Jigme Khyentse Rinpoche
TRANSLATORS’ INTRODUCTION
This translation of Khangsar Tenpa’i Wangchuk’s commentary on Longchenpa’s Precious Treasury of the Fundamental Nature is the first step in a project to translate the collected works of this great modern Tibetan scholar. This ambitious task was entrusted to the Padmakara Translation Group by Tsultrim Zangpo Rinpoche, the abbot of Khangsar Taklung Monastery, and Yingrik Drubpa Rinpoche, both disciples of Tenpa’i Wangchuk (1938–2014) and trustees of his literary heritage. Aside from the autocommentary composed by Longchenpa himself in the fourteenth century, this is the first and only commentary ever to have been written on The Treasury of the Fundamental Nature.[1]
Unlike the general exposition, or meaning commentary,
provided by Longchenpa as an explanation of his own root text, the commentary of Tenpa’i Wangchuk is a word commentary
and as such is of inestimable value to students and translators. Whereas meaning commentaries focus exclusively on the ideas expressed in a text, word commentaries are more elementary and didactic in style. They examine in fine detail the language of the root verses, every syllable of which (often indicated by typographical devices) is traditionally incorporated into the text of the commentary itself. Difficult terms and obscure, antiquated, or dialectal expressions are glossed with more common and up-to-date equivalents, and it is only then that the meaning of the text is explained. The purpose of the word commentary is thus to ensure that the reader understands as clearly as possible the meaning of the root verses themselves, which, even when they are accompanied by an autocommentary, are regarded as the principal expression of the author’s message. The pedagogical advantages of such an approach are obvious, and it is hardly necessary to add that for translators, commentaries of this kind are invaluable and often indispensable tools.
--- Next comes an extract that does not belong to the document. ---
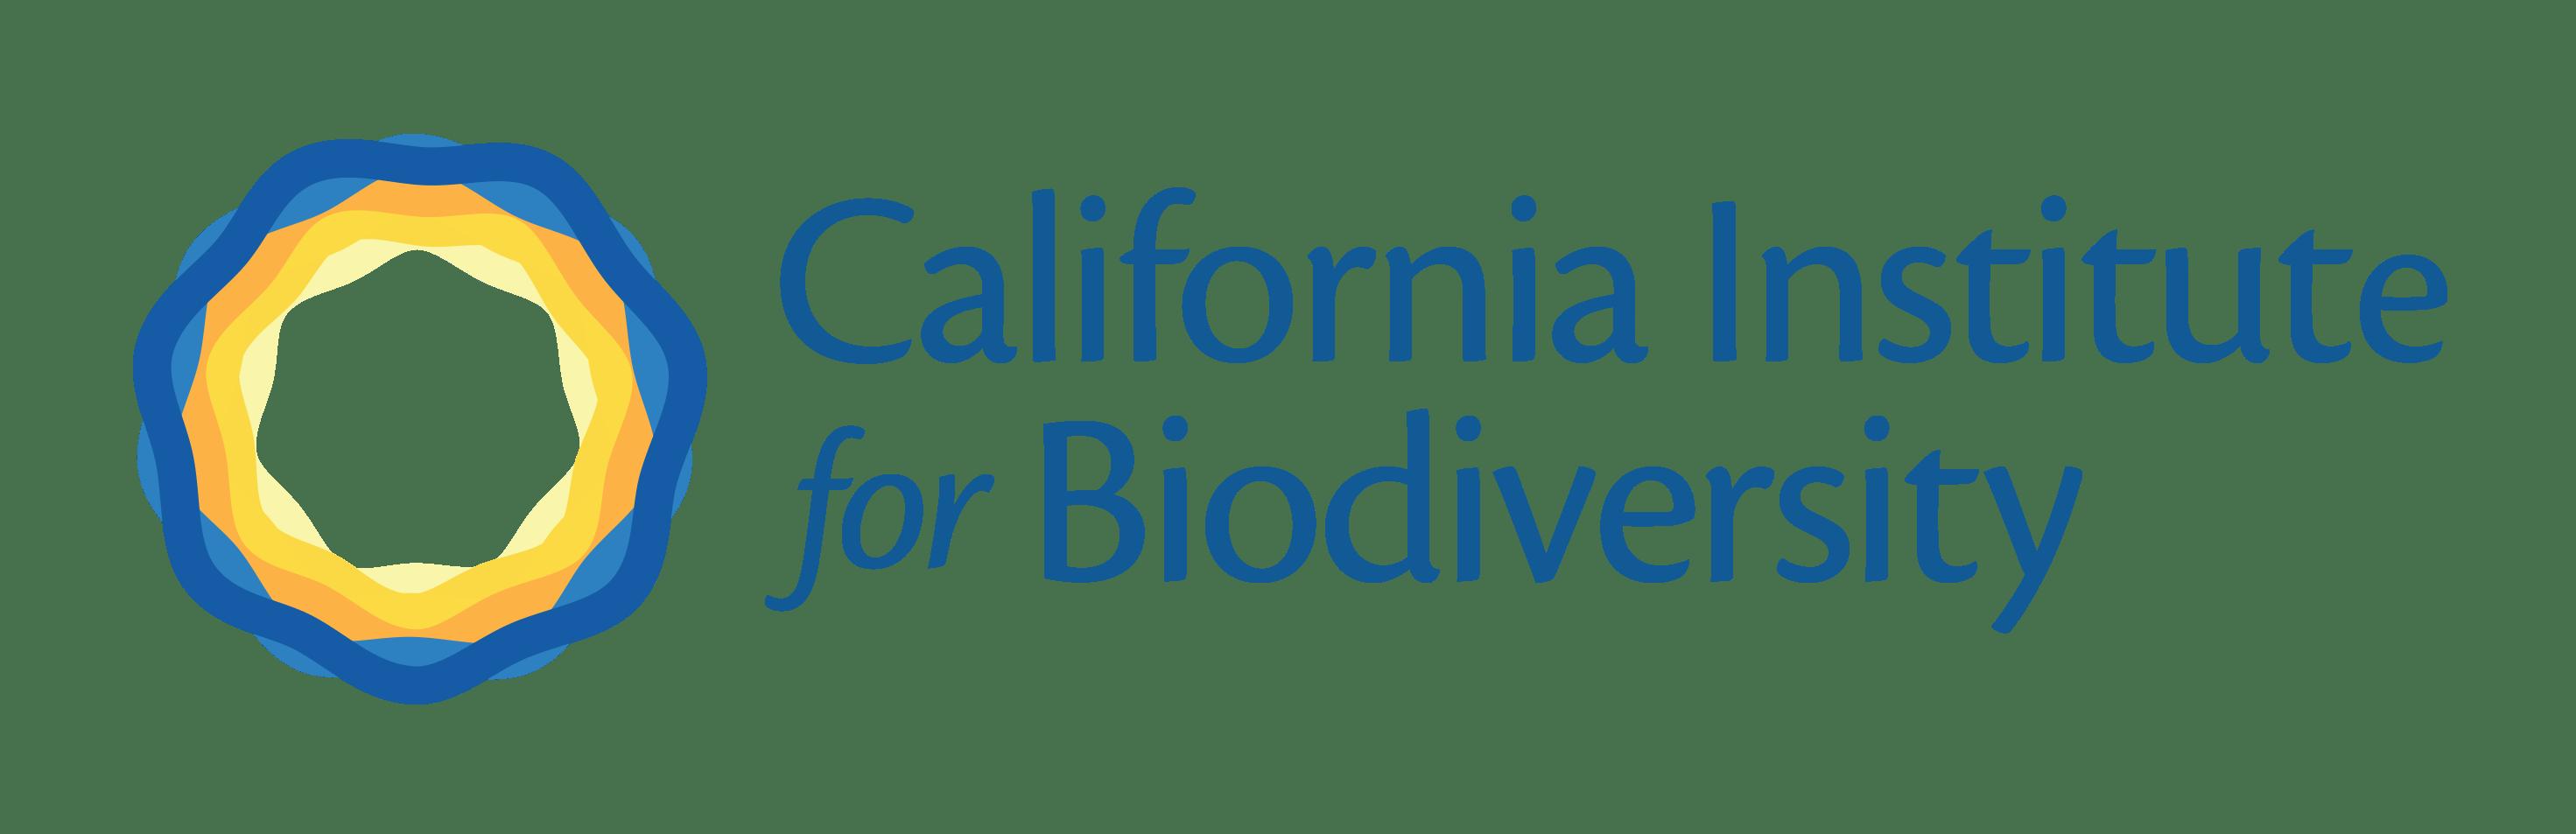 California Institute for Biodiversity

It is perhaps too much to say that autocommentaries (that is, commentaries written by authors on their own root texts) are invariably meaning commentaries, but this seems certainly to be the case for Longchenpa. His usual practice is to cite sections of his own verses and then to enlarge on their meaning in general terms. His autocommentary, in other words, runs parallel to his root text, and he is rarely detained by simple considerations of vocabulary or the explanation of metaphor or other poetic devices. This is perhaps because he himself found the meaning of his text obvious and perhaps also because the poetry of his text resisted pedestrian analysis. Sometimes Longchenpa simply repeats in prose what he has already said more lyrically in the root text. At other times he expands on its meaning with more lengthy explanation, supporting it with voluminous citations from the scriptures. At yet other times he digresses into detailed and lengthy discussions of connected topics. On these occasions, it is as if the root text serves as a catalyst for the autocommentary, which then becomes the principal and often massive vehicle of his thought. So it is that whereas interesting ideas may well be picked up and elucidated, it quite often happens that difficult words and obscure poetic expressions in the root text are passed over in silence—much to the dismay of the translators, whose task it is, come what may, to discern the meaning of the root text and to render it intelligibly in another language.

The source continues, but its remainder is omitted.